MATERIAL PROVIDED:
╭──
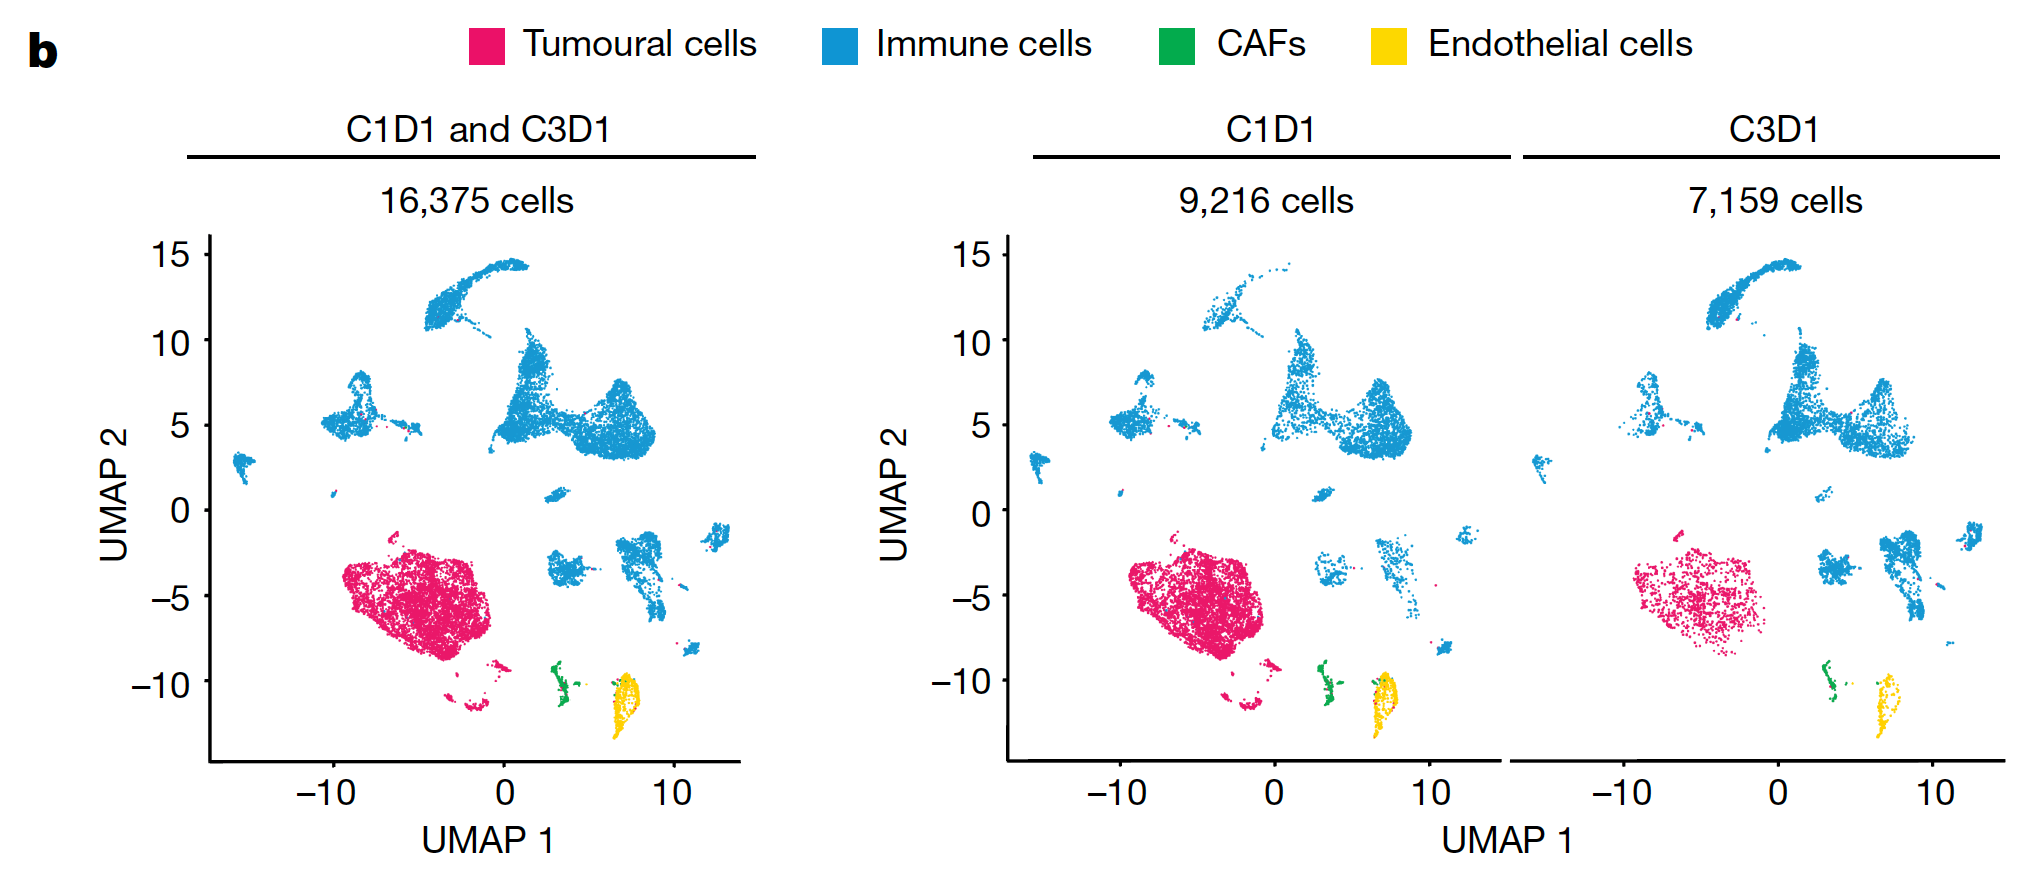 Figure 4b from Cassier et al. showing a UMAP plot of 16,375 cells from two lung metastasis biopsies (left). The pre-treatment sample contains 9,216 cells (C1D1, middle), and the post-treatment sample contains 7,159 cells (C3D1, right), colored by four major cell types. Note the reduction in tumor cells after treatment. Credit: Cassier P, et al. Nature 620: 409–416 (2023). doi: 10.1038/s41586-023-06367-z (CC BY 4.0). 
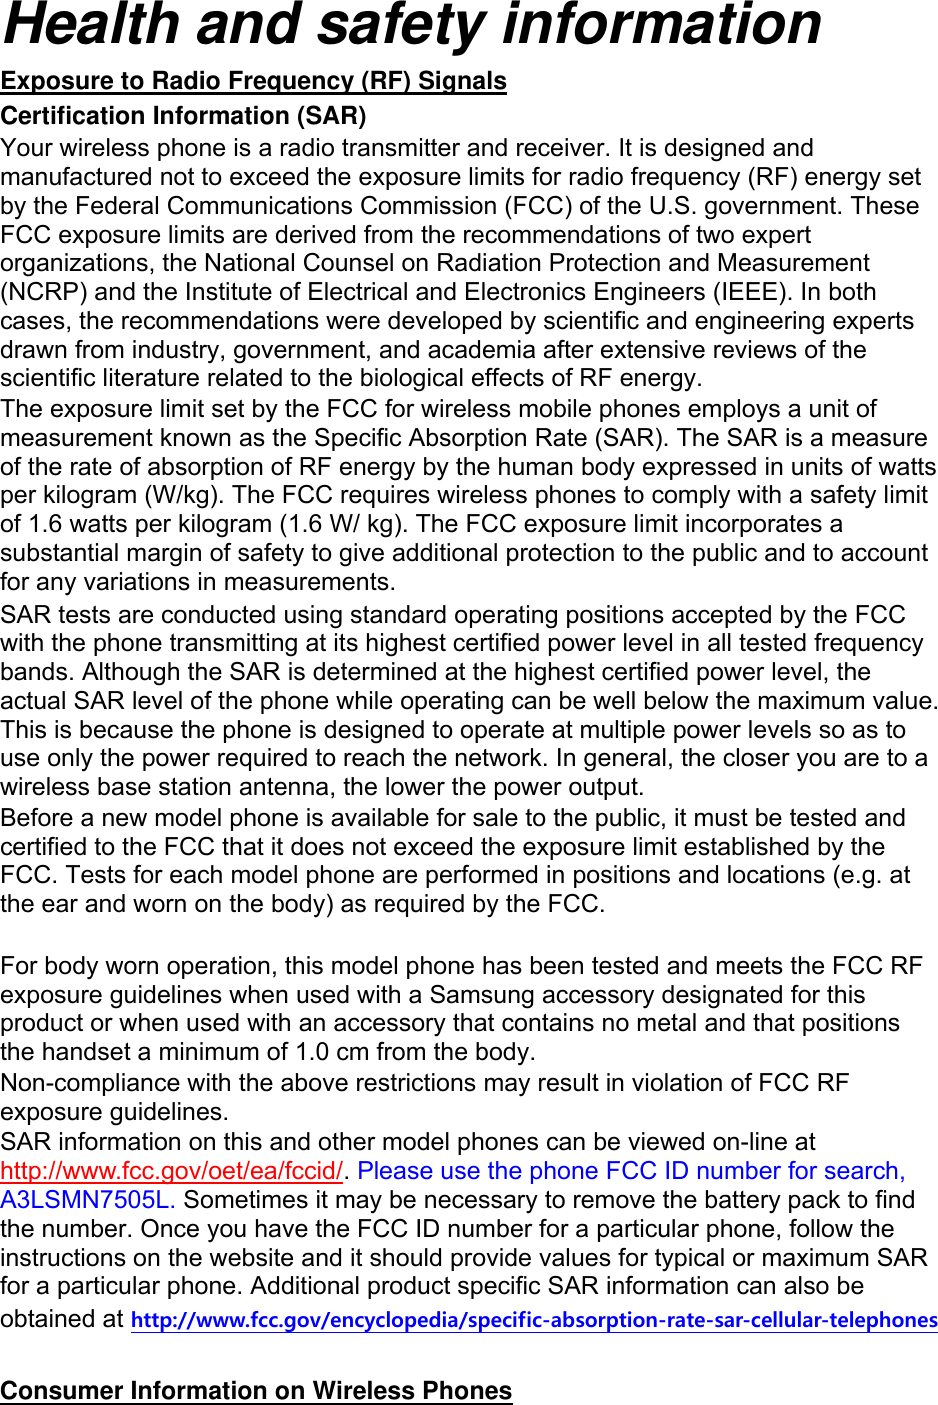 Health and safety information Exposure to Radio Frequency (RF) Signals Certification Information (SAR) Your wireless phone is a radio transmitter and receiver. It is designed and manufactured not to exceed the exposure limits for radio frequency (RF) energy set by the Federal Communications Commission (FCC) of the U.S. government. These FCC exposure limits are derived from the recommendations of two expert organizations, the National Counsel on Radiation Protection and Measurement (NCRP) and the Institute of Electrical and Electronics Engineers (IEEE). In both cases, the recommendations were developed by scientific and engineering experts drawn from industry, government, and academia after extensive reviews of the scientific literature related to the biological effects of RF energy. The exposure limit set by the FCC for wireless mobile phones employs a unit of measurement known as the Specific Absorption Rate (SAR). The SAR is a measure of the rate of absorption of RF energy by the human body expressed in units of watts per kilogram (W/kg). The FCC requires wireless phones to comply with a safety limit of 1.6 watts per kilogram (1.6 W/ kg). The FCC exposure limit incorporates a substantial margin of safety to give additional protection to the public and to account for any variations in measurements. SAR tests are conducted using standard operating positions accepted by the FCC with the phone transmitting at its highest certified power level in all tested frequency bands. Although the SAR is determined at the highest certified power level, the actual SAR level of the phone while operating can be well below the maximum value. This is because the phone is designed to operate at multiple power levels so as to use only the power required to reach the network. In general, the closer you are to a wireless base station antenna, the lower the power output. Before a new model phone is available for sale to the public, it must be tested and certified to the FCC that it does not exceed the exposure limit established by the FCC. Tests for each model phone are performed in positions and locations (e.g. at the ear and worn on the body) as required by the FCC.      For body worn operation, this model phone has been tested and meets the FCC RF exposure guidelines when used with a Samsung accessory designated for this product or when used with an accessory that contains no metal and that positions the handset a minimum of 1.0 cm from the body.   Non-compliance with the above restrictions may result in violation of FCC RF exposure guidelines. SAR information on this and other model phones can be viewed on-line at http://www.fcc.gov/oet/ea/fccid/. Please use the phone FCC ID number for search, A3LSMN7505L. Sometimes it may be necessary to remove the battery pack to find the number. Once you have the FCC ID number for a particular phone, follow the instructions on the website and it should provide values for typical or maximum SAR for a particular phone. Additional product specific SAR information can also be obtained at http://www.fcc.gov/encyclopedia/specific-absorption-rate-sar-cellular-telephones  Consumer Information on Wireless Phones 
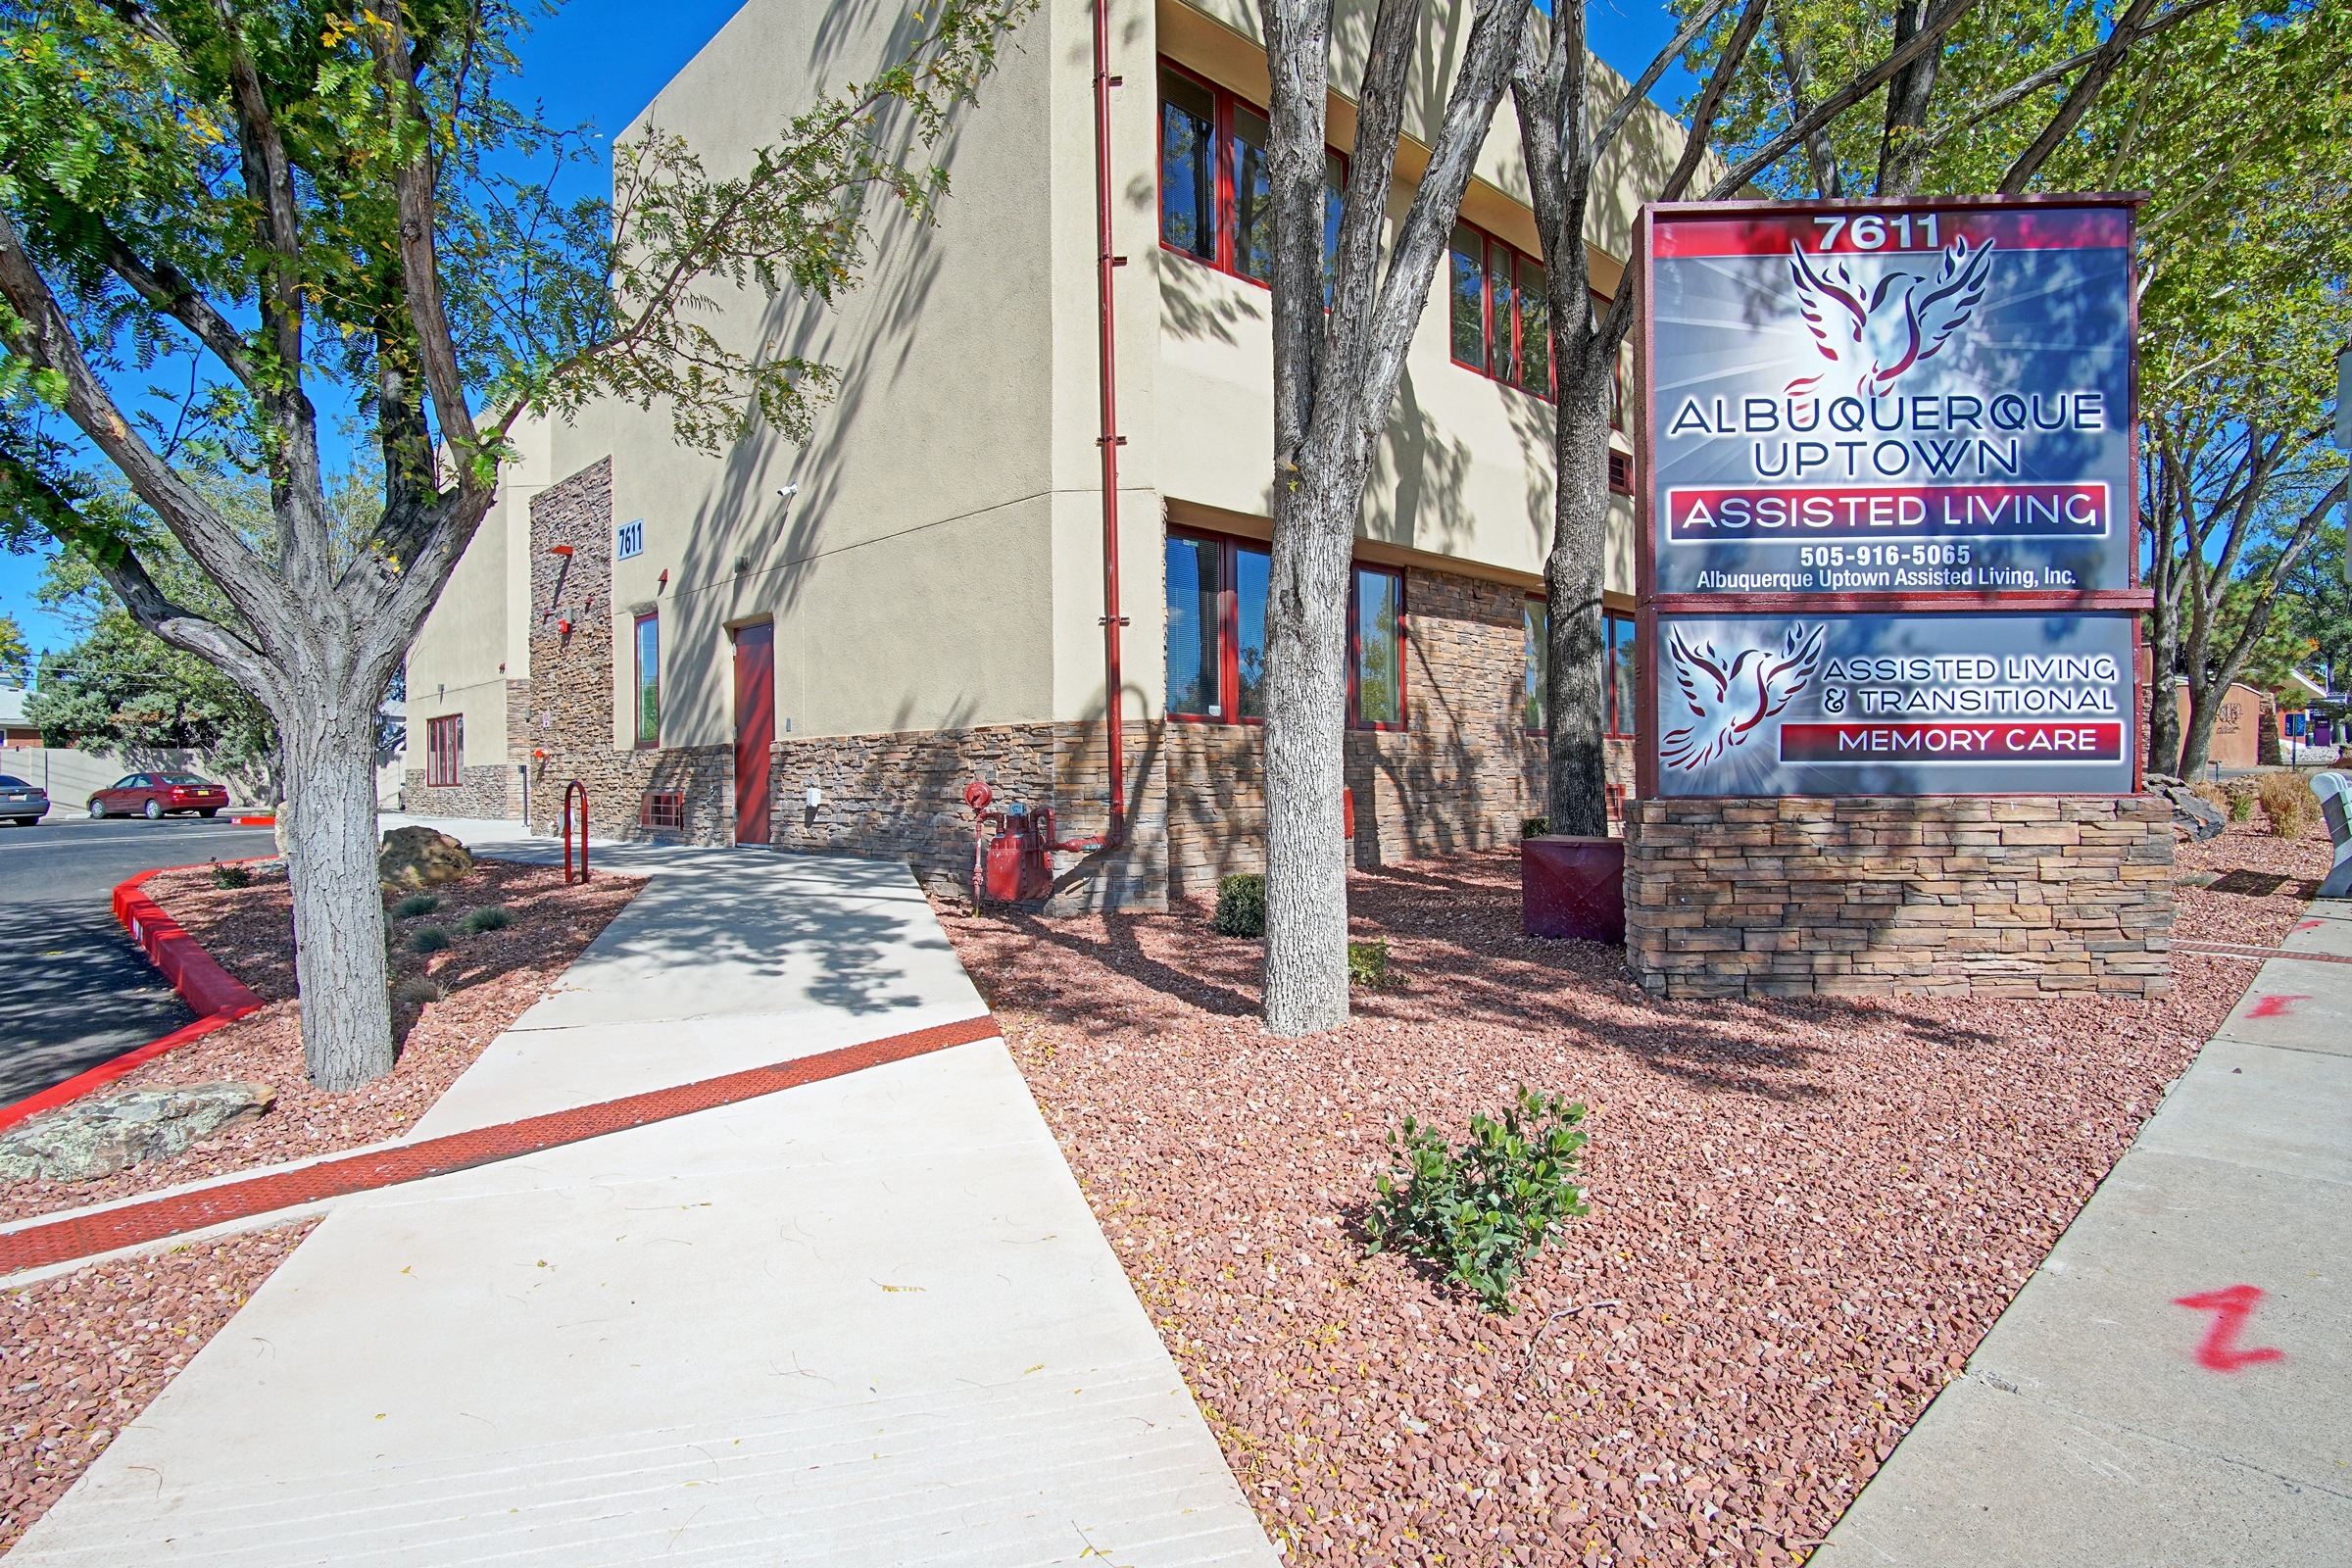 Albuquerque Uptown Assisted Living
╰──
WORK REQUIRED:
Put each line of the listing above into the copy exactly, dropping the pictures.

SOLUTION TO THIS TASK:
 Figure 4b from Cassier et al. showing a UMAP plot of 16,375 cells from two lung metastasis biopsies (left). The pre-treatment sample contains 9,216 cells (C1D1, middle), and the post-treatment sample contains 7,159 cells (C3D1, right), colored by four major cell types. Note the reduction in tumor cells after treatment. Credit: Cassier P, et al. Nature 620: 409–416 (2023). doi: 10.1038/s41586-023-06367-z (CC BY 4.0). 
 Health and safety information Exposure to Radio Frequency (RF) Signals Certification Information (SAR) Your wireless phone is a radio transmitter and receiver. It is designed and manufactured not to exceed the exposure limits for radio frequency (RF) energy set by the Federal Communications Commission (FCC) of the U.S. government. These FCC exposure limits are derived from the recommendations of two expert organizations, the National Counsel on Radiation Protection and Measurement (NCRP) and the Institute of Electrical and Electronics Engineers (IEEE). In both cases, the recommendations were developed by scientific and engineering experts drawn from industry, government, and academia after extensive reviews of the scientific literature related to the biological effects of RF energy. The exposure limit set by the FCC for wireless mobile phones employs a unit of measurement known as the Specific Absorption Rate (SAR). The SAR is a measure of the rate of absorption of RF energy by the human body expressed in units of watts per kilogram (W/kg). The FCC requires wireless phones to comply with a safety limit of 1.6 watts per kilogram (1.6 W/ kg). The FCC exposure limit incorporates a substantial margin of safety to give additional protection to the public and to account for any variations in measurements. SAR tests are conducted using standard operating positions accepted by the FCC with the phone transmitting at its highest certified power level in all tested frequency bands. Although the SAR is determined at the highest certified power level, the actual SAR level of the phone while operating can be well below the maximum value. This is because the phone is designed to operate at multiple power levels so as to use only the power required to reach the network. In general, the closer you are to a wireless base station antenna, the lower the power output. Before a new model phone is available for sale to the public, it must be tested and certified to the FCC that it does not exceed the exposure limit established by the FCC. Tests for each model phone are performed in positions and locations (e.g. at the ear and worn on the body) as required by the FCC.      For body worn operation, this model phone has been tested and meets the FCC RF exposure guidelines when used with a Samsung accessory designated for this product or when used with an accessory that contains no metal and that positions the handset a minimum of 1.0 cm from the body.   Non-compliance with the above restrictions may result in violation of FCC RF exposure guidelines. SAR information on this and other model phones can be viewed on-line at http://www.fcc.gov/oet/ea/fccid/. Please use the phone FCC ID number for search, A3LSMN7505L. Sometimes it may be necessary to remove the battery pack to find the number. Once you have the FCC ID number for a particular phone, follow the instructions on the website and it should provide values for typical or maximum SAR for a particular phone. Additional product specific SAR information can also be obtained at http://www.fcc.gov/encyclopedia/specific-absorption-rate-sar-cellular-telephones  Consumer Information on Wireless Phones 
 Albuquerque Uptown Assisted Living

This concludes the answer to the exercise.